“Oh, Alexi…” She pulled him to her. “My poor, poor Alexi. What’s happened to you?”
“Help me. Help-” His agonized whisper horrified her. She wanted to tell him to stop talking like that this very minute. She felt a damp spot on her thigh and saw that saliva had leaked from the side of his mouth through her robe. It was too much. She wanted to run away. Instead she thought of Fleur.
His mouth worked to form the words. “G-get help. I-I need help.”
“Hush…Save your strength. Don’t try to talk.”
“Please…”
“Rest, my darling.” His suit coat gaped and one of the lapels was turned under. They’d been married for twenty-seven years, and she’d never seen his suit coat untidy. She straightened the lapel.
“H-help me.”
She gazed down at him. “Don’t try to talk, my darling. Just rest. I won’t leave you. I’ll hold you until you don’t need me any longer.”
She could see the fear in his eyes then, at first the merest spark. Gradually it grew more intense until she knew he finally understood. She stroked his thin hair with the tips of her trembling fingers. “My poor darling,” she said. “My poor, poor darling. I loved you, you know. You’re the only one who ever really understood me. If only you hadn’t taken my baby away.”
“Do not-do this. I beg you-” The muscles in his right side tensed, but he was too weak to lift his arm. His lips had a blue tinge, and his breathing grew more labored. She didn’t want him to suffer, and she tried to think how to comfort him. Finally she opened her robe and cradled him to her bare breast.
Eventually he grew still. As she gazed down at the face of the man who had shaped her life, a pair of tears perfectly balanced themselves on the bottom lashes of her incomparable hyacinth-blue eyes. “Good-bye, my darling.”

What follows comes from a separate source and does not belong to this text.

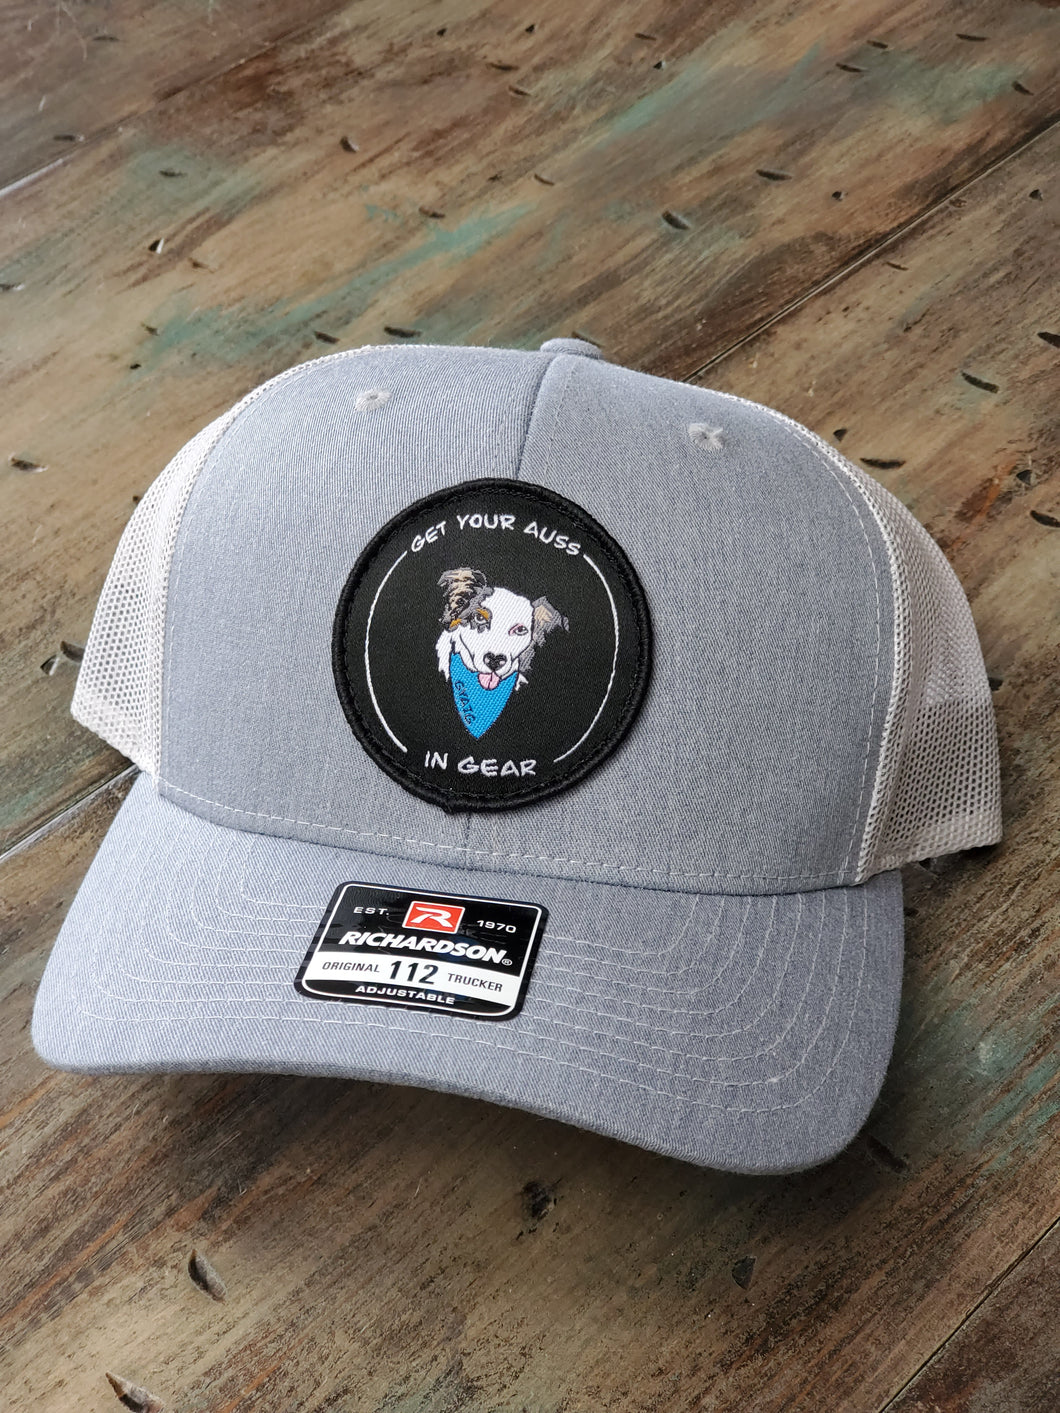 Get Your Auss In Gear Unisex / Men's Hat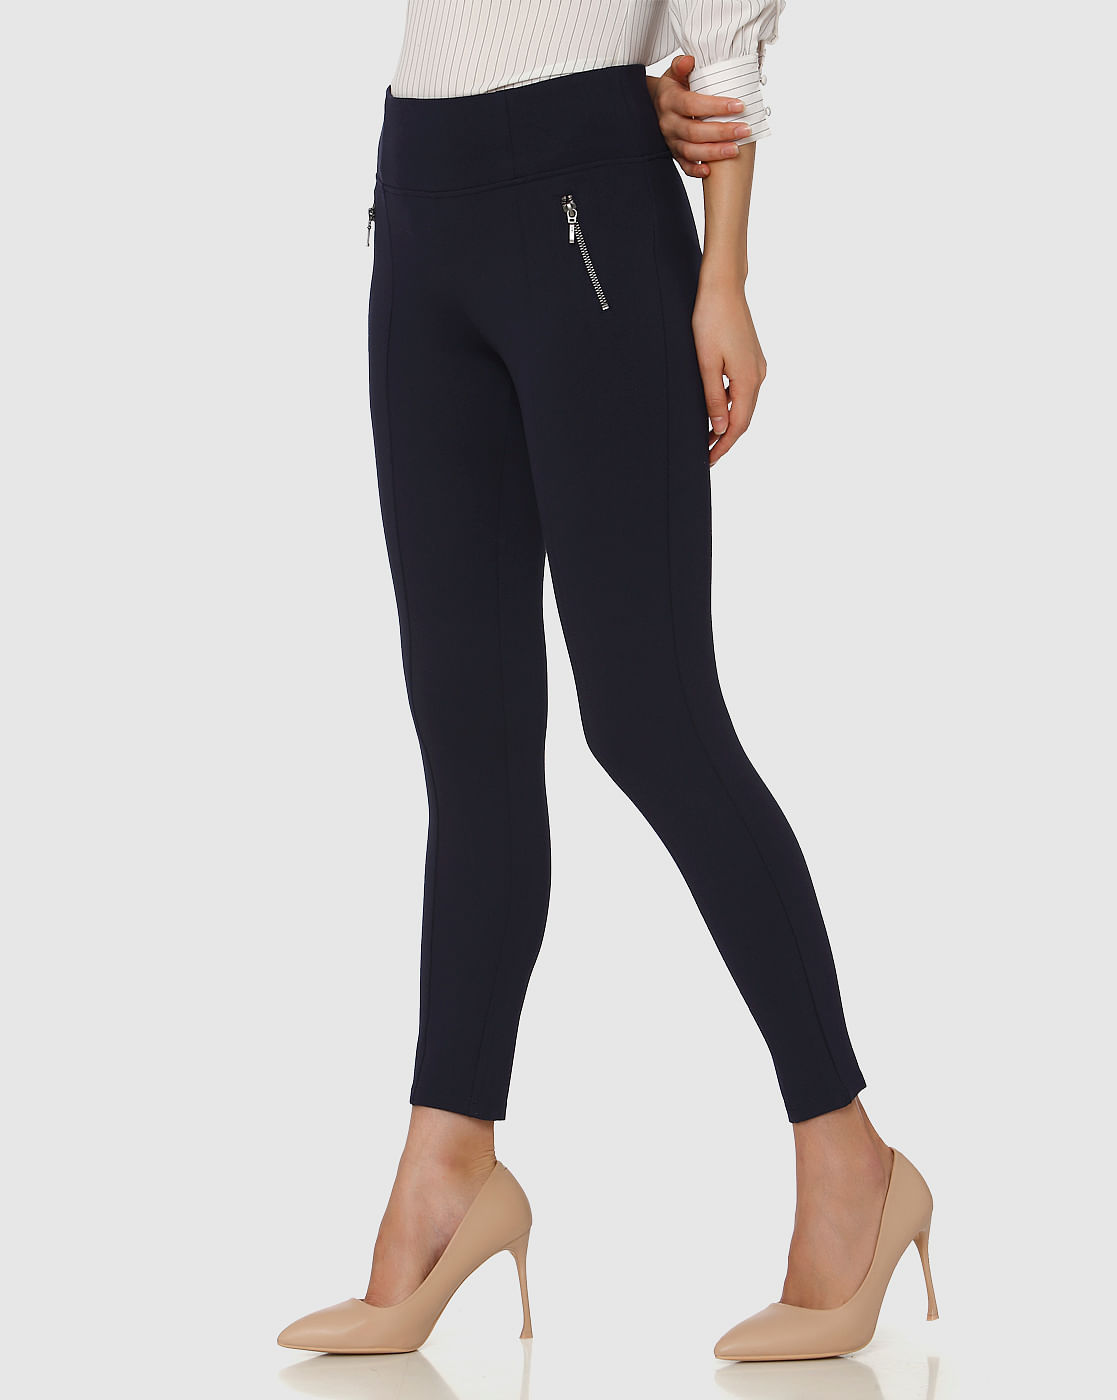 Women Leggins Geometric Print Polyester Fitness Ankle Length Mujer Yoga  Pants | eBay

Jake felt as if all the air had been knocked out of him. A basketball whizzed past his arm and bounced into the empty bleachers, but he couldn’t move. Even the noises of the game going on behind him faded away. Cold seeped through the sweat-drenched jersey into his bones, and he struggled for breath.
“Jake, I’m sorry.” His secretary stood with him at the side of the court, her face pale, her forehead knitted with concern. “I-I knew you’d want to see it right away. The phones are ringing off the wall. We’ll have to issue a statement-”
He crushed the newspaper in his fist and pushed past her. He headed for the scarred wooden door. The sound of his breathing echoed off the chipped plaster walls of the L.A. gym as he fled down the steps to the empty locker room. He shoved his legs into his jeans over his shorts, grabbed a shirt, and raced from the old brick building where he’d played basketball on and off for ten years. As the door slammed behind him, he knew he’d never be back.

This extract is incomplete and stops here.